Kodak posts larger loss, cut revenue outlook

02 Aug, 2006

Eastman Kodak Co on Tuesday posted a wider second-quarter net loss and cut its full-year revenue outlook, sending its shares down 7.5 percent, as the top maker of photographic film found its shift to digital products more difficult than expected.
The company also said Flextronics International Ltd would manufacture its consumer digital cameras. Citing an ongoing push to increase sales of its more-profitable digital cameras and other products, Kodak said it expected revenue to decline by about 3 percent this year. In January, it had said full-year sales would show anywhere from a decrease of 2 percent to a rise of 4 percent.
Since late 2003, Kodak has been beefing up its digital products, hoping to outpace the decline in demand for film, historically its main revenue source. At the same time, it is shrinking its costs by cutting up to 25,000 jobs and trimming manufacturing assets.
The second-quarter net loss widened to $282 million, or 98 cents a share, from $155 million, or 54 cents a share, a year earlier. Excluding one-time costs from restructuring, inventory and other special items, the loss was 19 cents a share. Analysts were expecting a profit of 22 cents a share, according to Reuters Estimates.

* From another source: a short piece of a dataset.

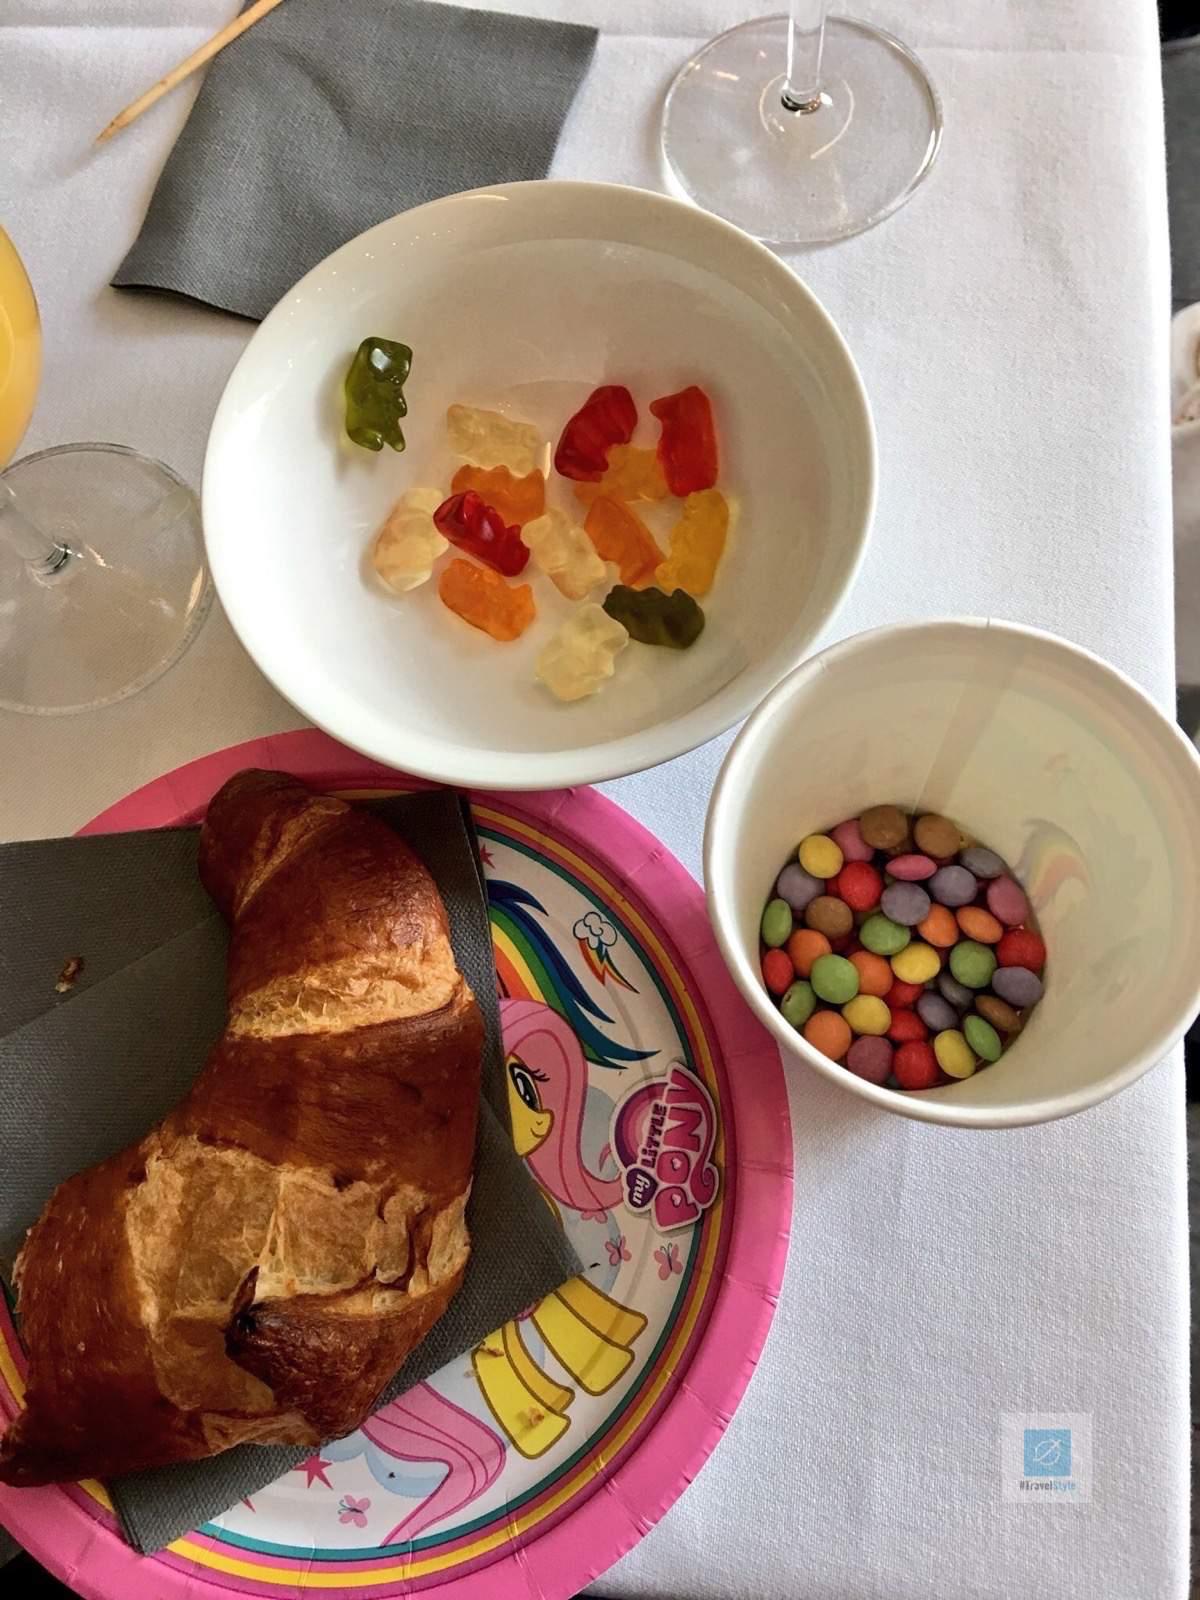 Das Kinderfrühstück - einmal im Jahr darf es ungesund sein

In a statement, Kodak Chief Executive Antonio Perez said the company was "coming into the final stages of (its) digital transformation. "By the end of next year the majority of the restructuring costs will be behind us and Kodak will be positioned for sustained success in digital markets," he said.
The Rochester, New York-based company said revenue fell 9 percent to $3.36 billion. Global sales of consumer digital products such as cameras, accessories, memory products and imaging sensors, declined 15 percent, primarily reflecting volume decreases and lower prices.
Kodak said it would stop making digital cameras, with Flextronics now handling all manufacturing of those products. Kodak, which in 2004 stopped selling traditional film cameras in the United States, Canada and Western Europe, will focus instead on the digital cameras' design and sales. About 550 jobs will move to Flextronics, Kodak said.